Be part of the occasion trusted by enterprise leaders for practically 20 years. VB Remodel brings collectively the individuals constructing actual enterprise AI technique. Be taught extra
Laptop imaginative and prescient tasks hardly ever go precisely as deliberate, and this one was no exception. The thought was easy: Construct a mannequin that would have a look at a photograph of a laptop computer and establish any bodily injury — issues like cracked screens, lacking keys or damaged hinges. It appeared like a simple use case for picture fashions and enormous language fashions (LLMs), however it rapidly changed into one thing extra sophisticated.

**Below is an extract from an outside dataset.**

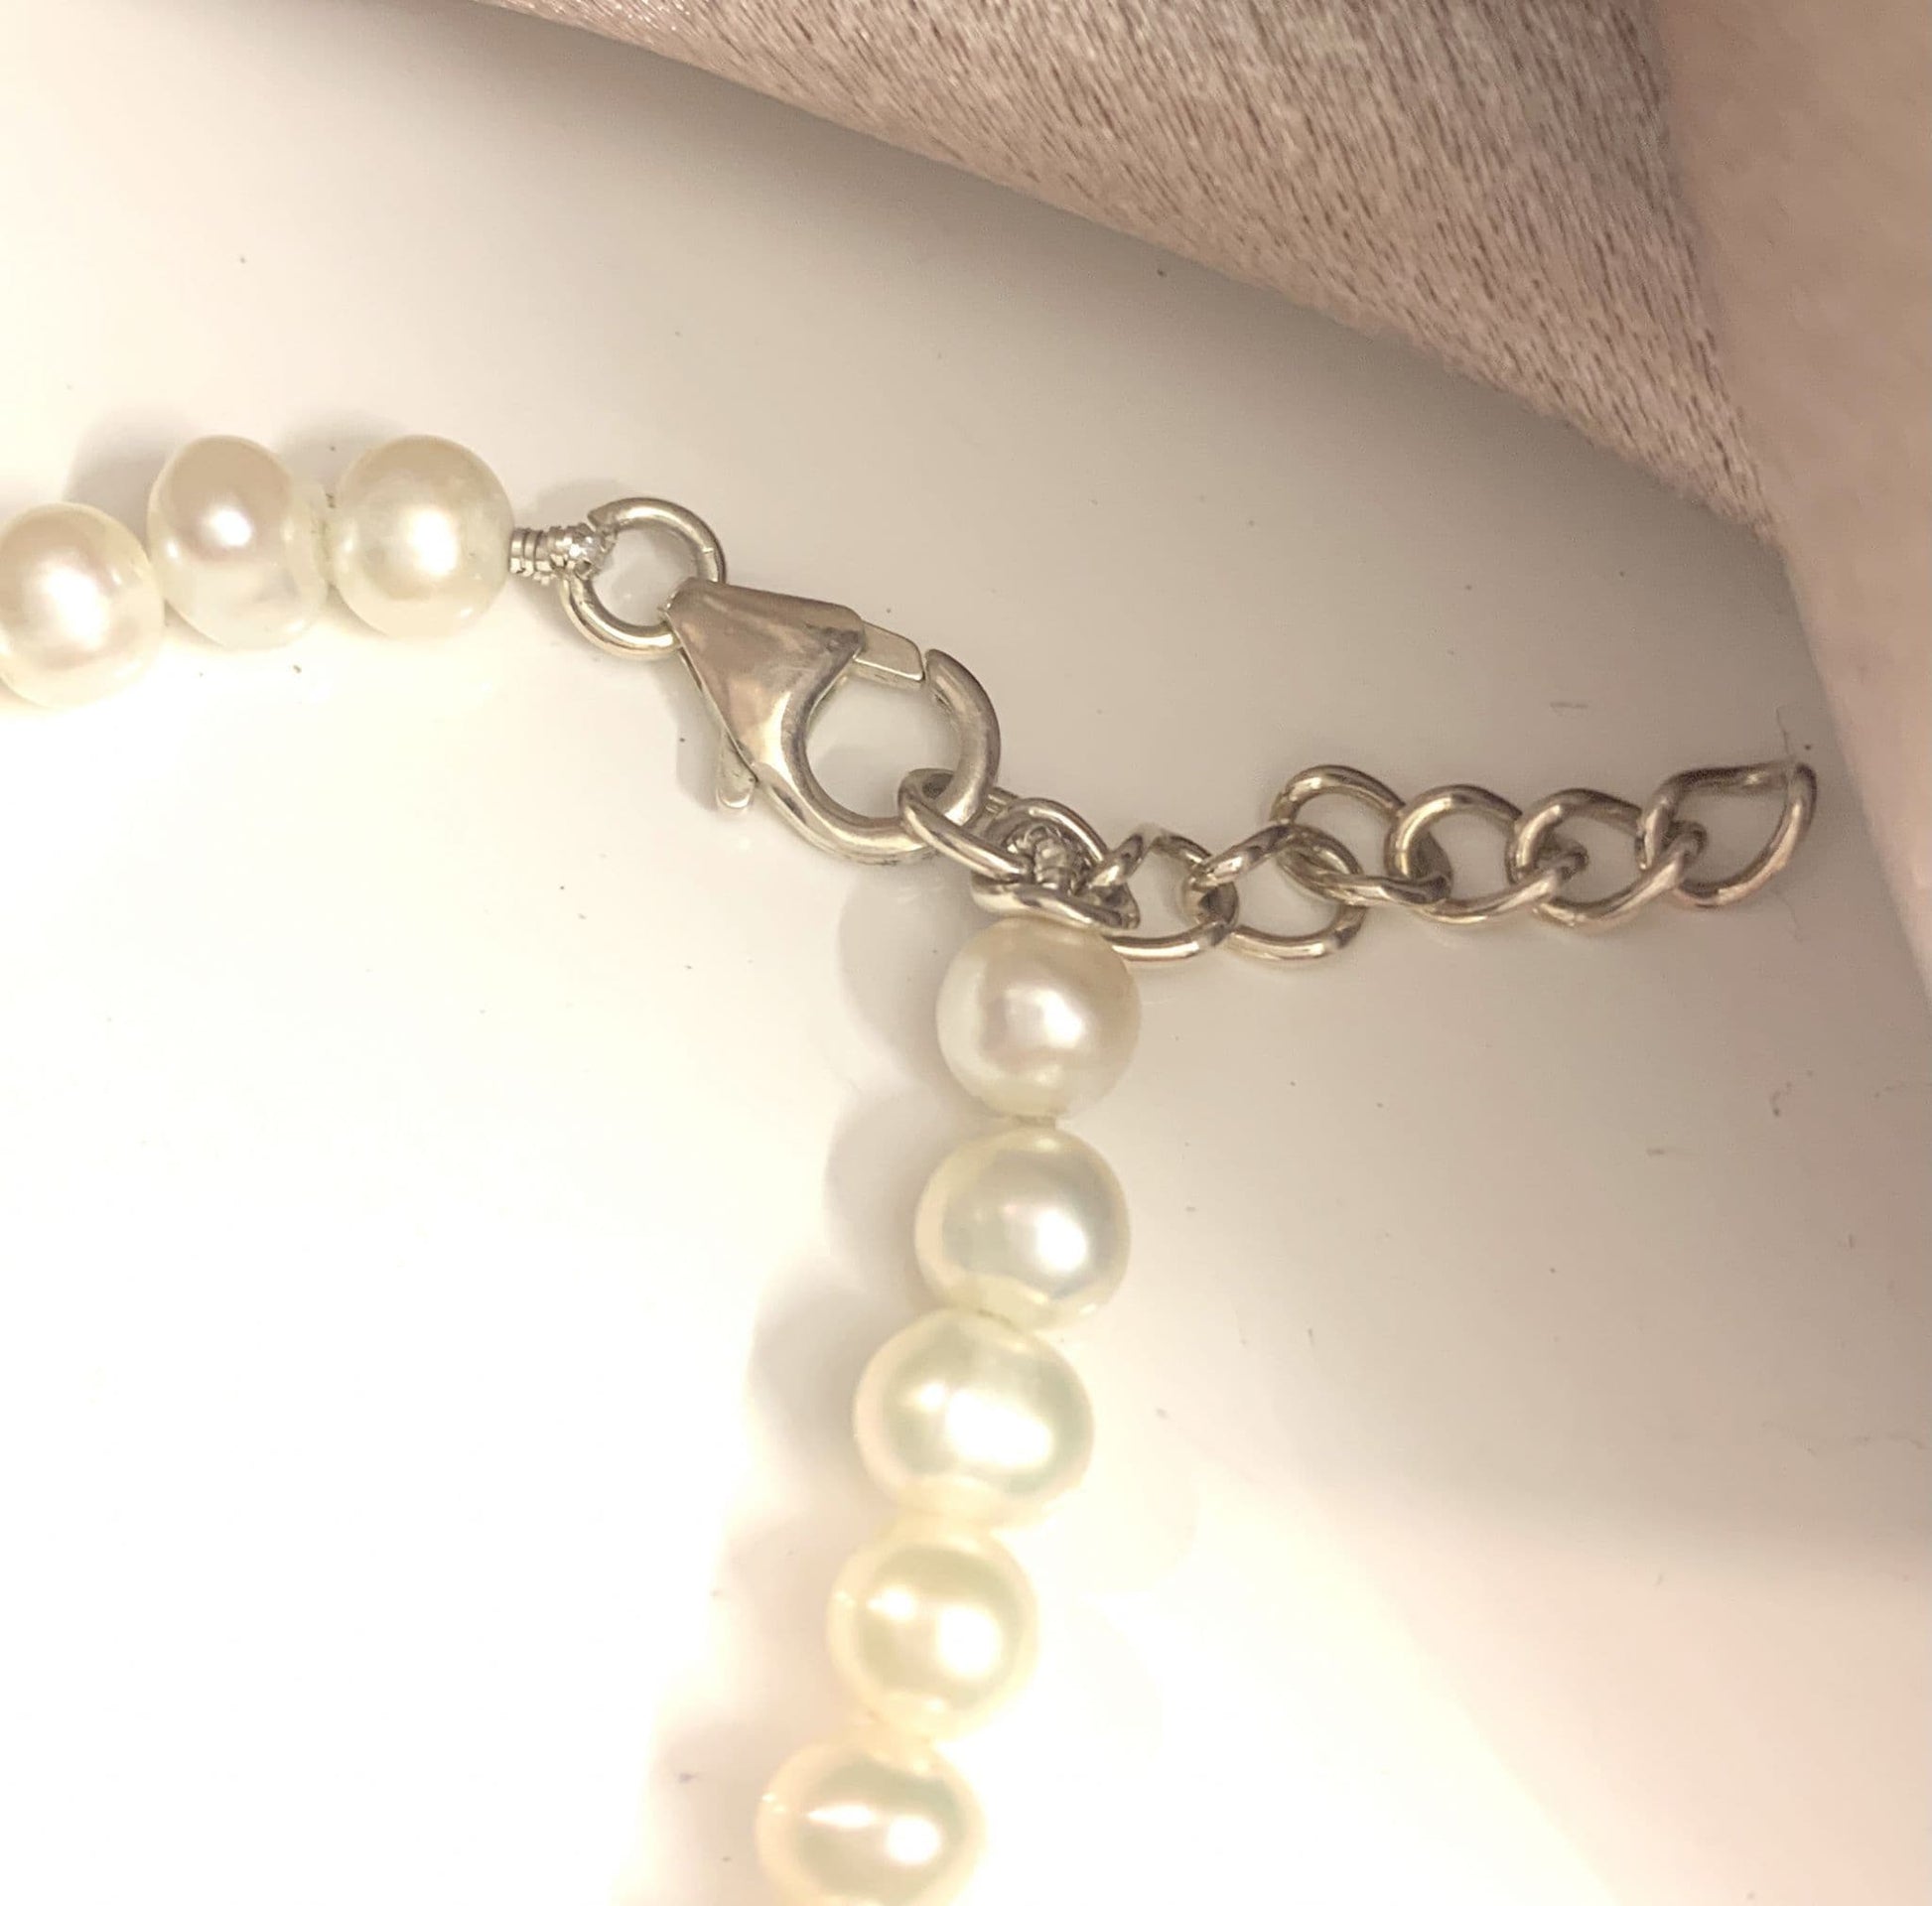 Freshwater round pearl bracelet
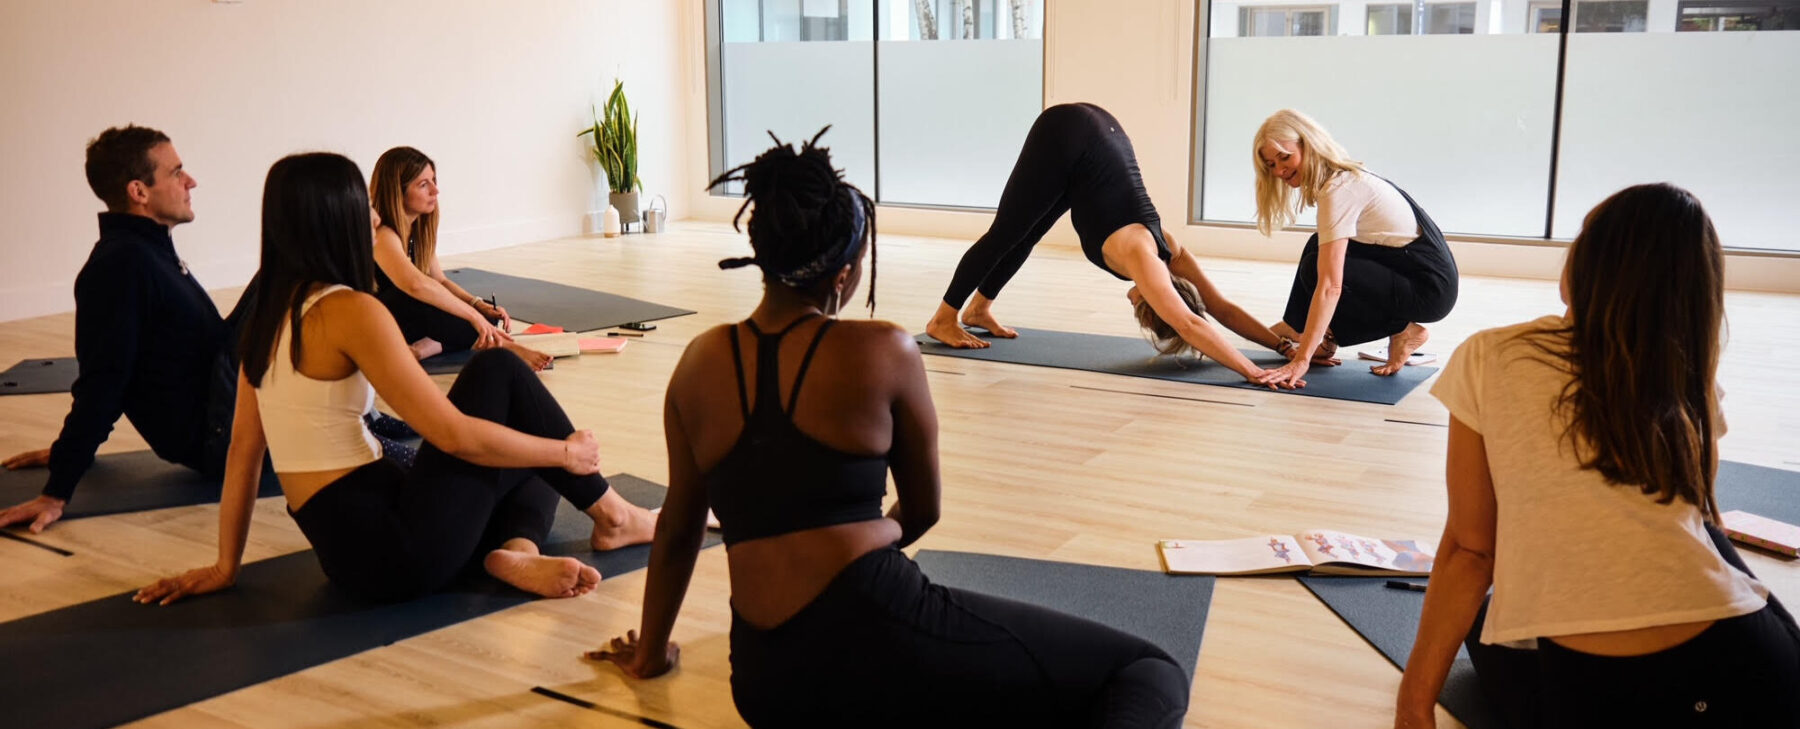 The Best Yoga Teacher Training in London

Alongside the best way, we bumped into points with hallucinations, unreliable outputs and pictures that weren’t even laptops. To resolve these, we ended up making use of an agentic framework in an atypical method — not for process automation, however to enhance the mannequin’s efficiency.
On this put up, we are going to stroll via what we tried, what didn’t work and the way a mix of approaches ultimately helped us construct one thing dependable.
The place we began: Monolithic prompting
Our preliminary method was pretty commonplace for a multimodal mannequin. We used a single, massive immediate to cross a picture into an image-capable LLM and requested it to establish seen injury. This monolithic prompting technique is straightforward to implement and works decently for clear, well-defined duties. However real-world knowledge hardly ever performs alongside.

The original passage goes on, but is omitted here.